Teach you how to use pip to install proxy IP resolution tool.
Recently, a lot of data collection friends asked Lao Zhang, why they wrote the crawler is always blocked IP, this thing is not really complicated, the key to the program to wear a "protective clothing". Today we will nag how to use pip to install those can automatically resolve the proxy IP library, by the way, a reliable proxy service provider.
What do I need to prepare before I load the warehouse?
First you have to make sure you have thePython 3.6 or abovePress and hold down win+R and type cmd to enter, and type in the black window.python --versionYou will be able to see the version. If the version is too old, we recommend going directly to the official website to get a new version.
To install the requests library as an example
pip install requests -i https://pypi.tuna.tsinghua.edu.cn/simple
Note that the Tsinghua Mirror Source is used here, so the download speed can be much faster.
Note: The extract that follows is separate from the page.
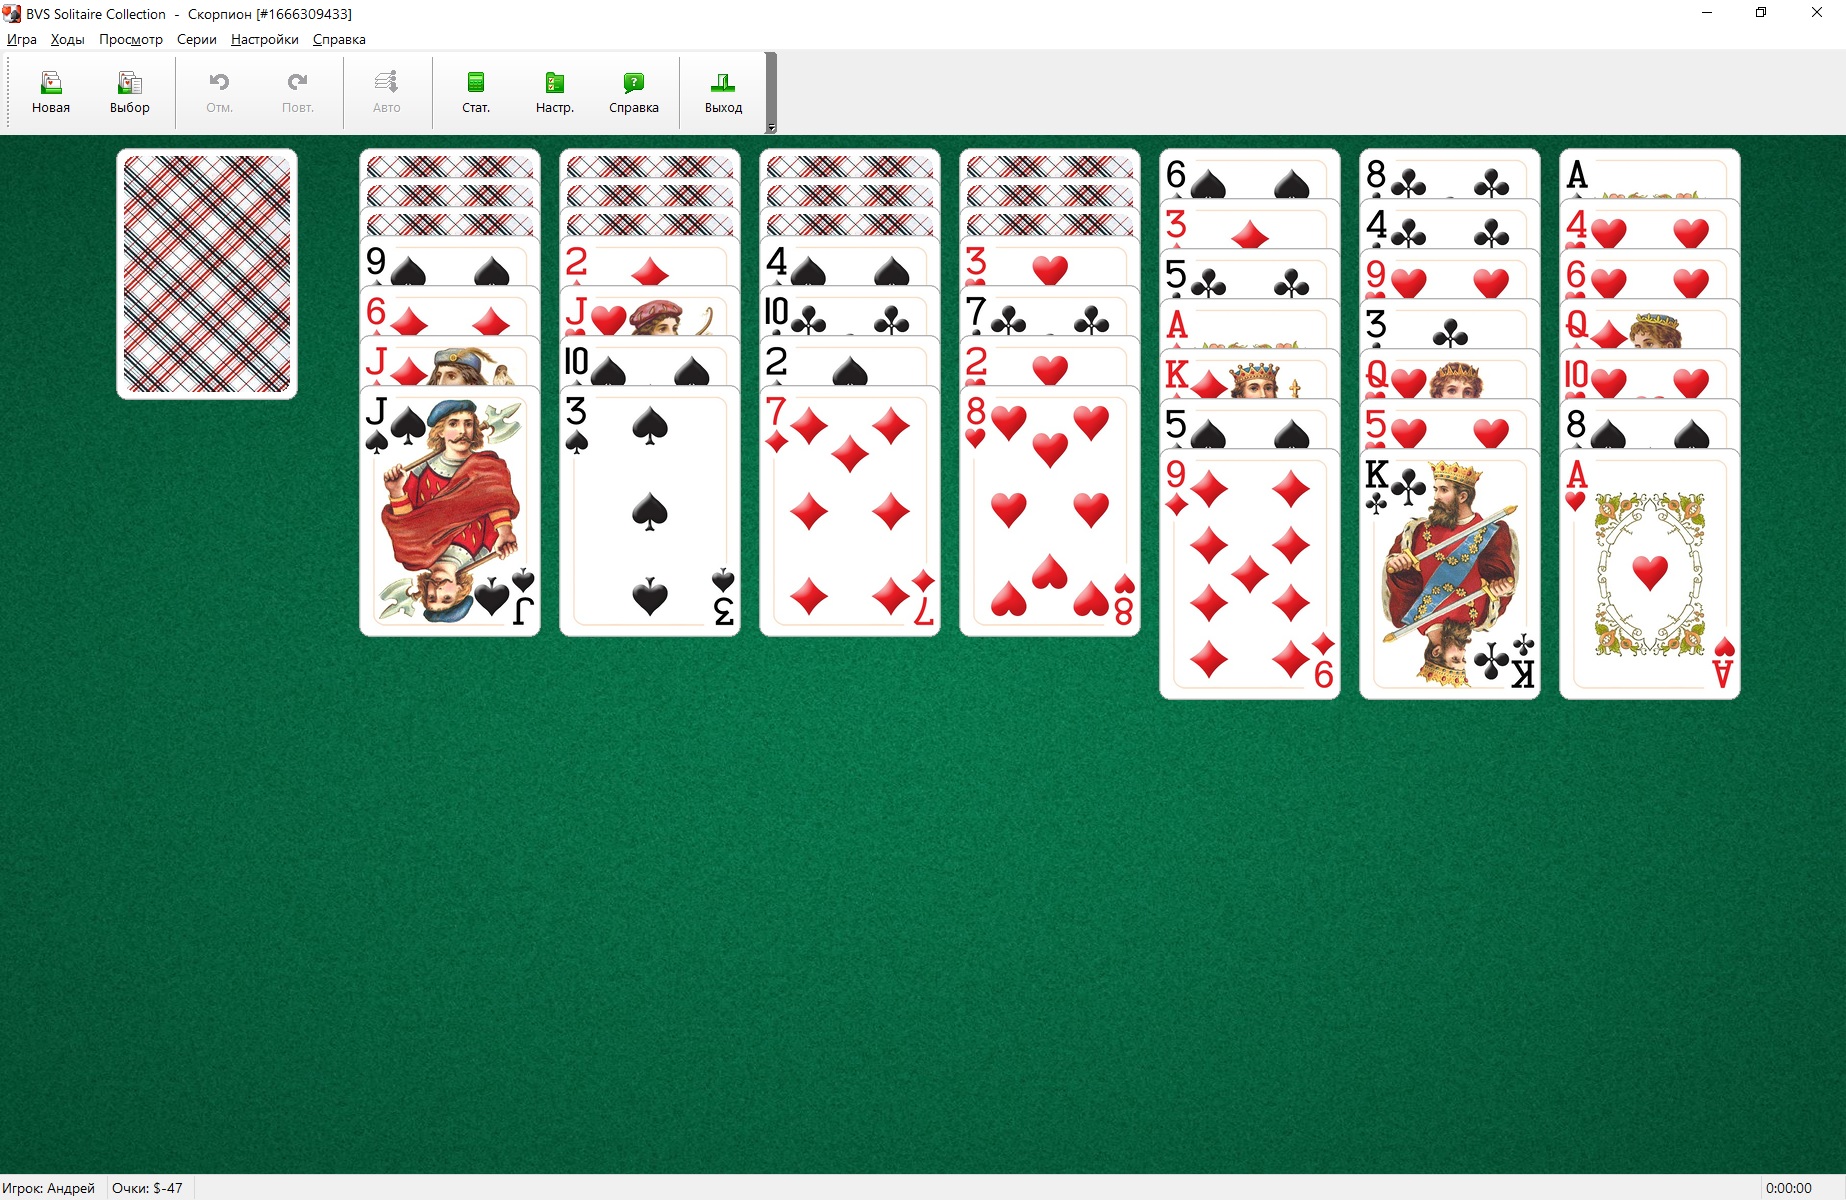 Играть карты косынка на весь экран на двоих играть в карты в дурака онлайн с компьютером

If you get a message that the pip version is old, runpython -m pip install --upgrade pipUpgrade down.
Real-world proxy IP resolution triple axe
Here are three libraries that have been tested and worked well, let's focus on the first one:
| library name | specificities | Applicable Scenarios |
|---|---|---|
| requests-html | Self-parsing | Simple Web Page Capture |
| scrapy | Professional level framework | Large-scale projects |
| pyquery | jQuery syntax | Complex page parsing |
Actual code snippet (remember to replace with your own proxy)
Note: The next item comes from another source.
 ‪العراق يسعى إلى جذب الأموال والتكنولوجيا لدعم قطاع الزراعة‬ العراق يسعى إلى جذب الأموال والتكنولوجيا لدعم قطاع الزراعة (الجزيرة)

from requests_html import HTMLSession
proxies = {
'http': 'http://user:password@ipipgo-proxy.com:9020',
'https': 'http://user:password@ipipgo-proxy.com:9020'
}
session = HTMLSession()
response = session.get('https://目标网站', proxies=proxies)
print(response.html.find('title'))
Focus on this.Proxies parametersThe tunneling proxy format provided by ipipgo is used here. Their proxies don't have to switch IPs manually, which is especially newbie friendly.
Guidelines for demining common pitfalls
Q: What should I do if I keep getting errors when loading the library?
A: First check the network has no open proxy, sometimes open the global proxy instead of connecting to the pip source. It is recommended to turn off the proxy software temporarily and try again.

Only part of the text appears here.